Abstract
Sickle cell anemia is caused by the homozygous inheritance of the sickle β-globin gene and affects multiple organ systems. Because of its unique physiology, the kidney is particularly susceptible to injury in sickle cell disease (SCD). Individuals with SCD exhibit glomerular hyperfiltration and also present with urinary concentrating defects, hematuria, and overt papillary necrosis. As patients age, they are prone to developing sickle cell glomerulopathy and subsequent albuminuria and overt proteinuria. Low-level albuminuria may be present in up to 60% of sickle cell patients over the age of 35. Determination of chronic kidney disease (CKD) is somewhat impaired when using creatinine-based measures of the estimated glomerular filtration rate due to the hyperfiltration noted in these individuals. As CKD and end-stage kidney disease develop, sickle cell anemia poses some unique management challenges, including that of anemia management and kidney transplantation. The use of angiotensin-converting enzyme inhibitors may reduce proteinuria in SCD, but their long-term benefit remains unknown. Similarly, hydroxyurea has suggested, but unproven, benefit. Sickle cell trait (SCT), and less commonly SCD, is associated with renal medullary carcinoma, a rare and aggressive malignancy.

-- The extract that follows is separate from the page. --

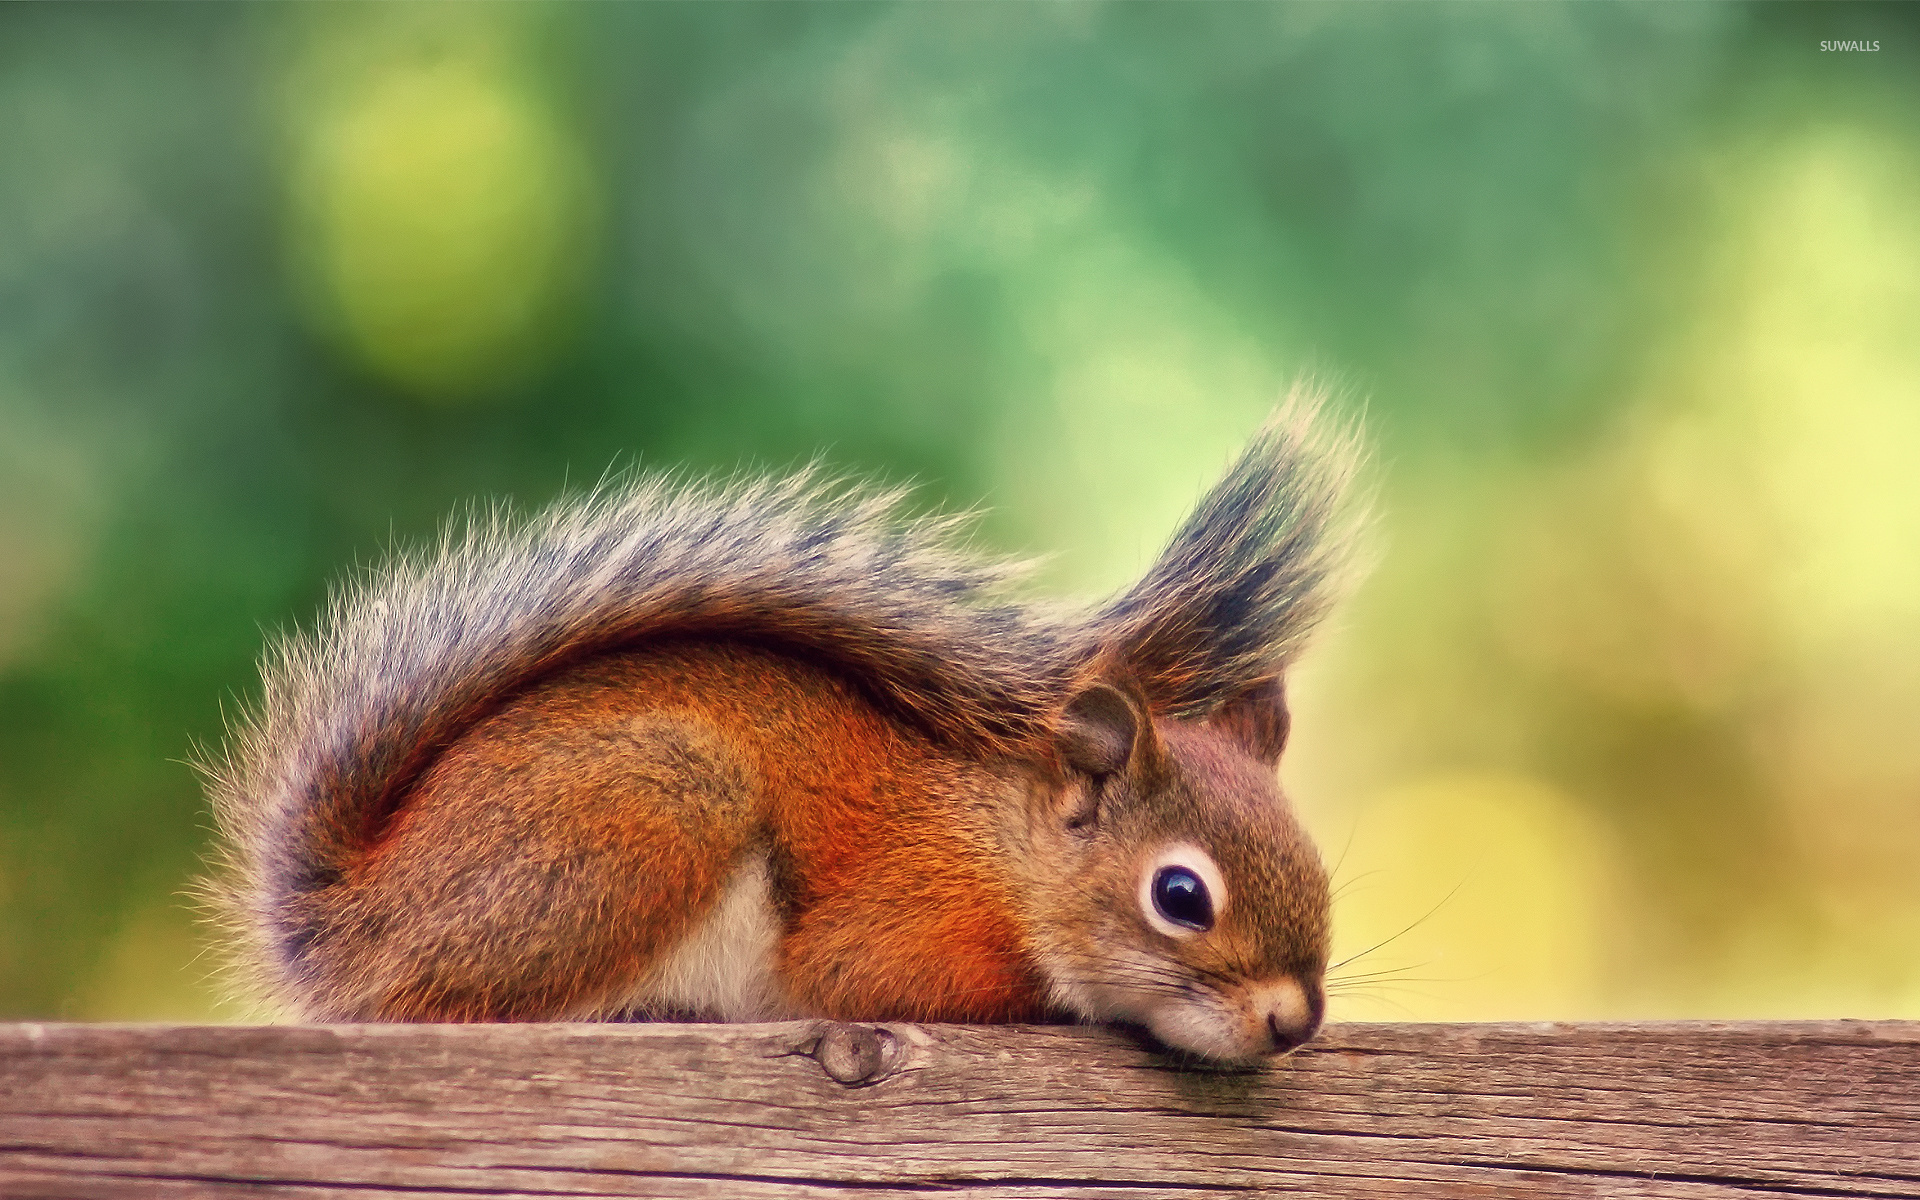 Cute squirrel wallpaper - Animal wallpapers - #39090

Recent data have suggested that SCT, the heterozygous inheritance of the sickle β-globin gene, may be associated with CKD.
Keywords
sickle cell, albuminuria, glomerulopathy, renal medullary carcinoma, papillary necrosis
Sickle cell anemia is caused by the homozygous inheritance of the sickle β-globin gene (HbSS), produced by a single point mutation in chromosome 11. The resultant β chain of the hemoglobin molecule possesses a substitution of valine for glutamic acid at position 6, leading to an unstable form of hemoglobin (hemoglobin S). Under conditions of low oxygen tension, acidity, extreme temperatures, and other stressors, the altered hemoglobin undergoes polymerization, leading to the “sickling” of red blood cells ( Fig. 39.1 ). These red cells are rigid, leading to both microvascular obstruction and the activation of inflammation and coagulation. Sickle cell disease (SCD) is also seen in the double heterozygous inheritance of hemoglobin mutations HbS gene and another mutation, such as hemoglobin SCD and sickle β-thalassemia.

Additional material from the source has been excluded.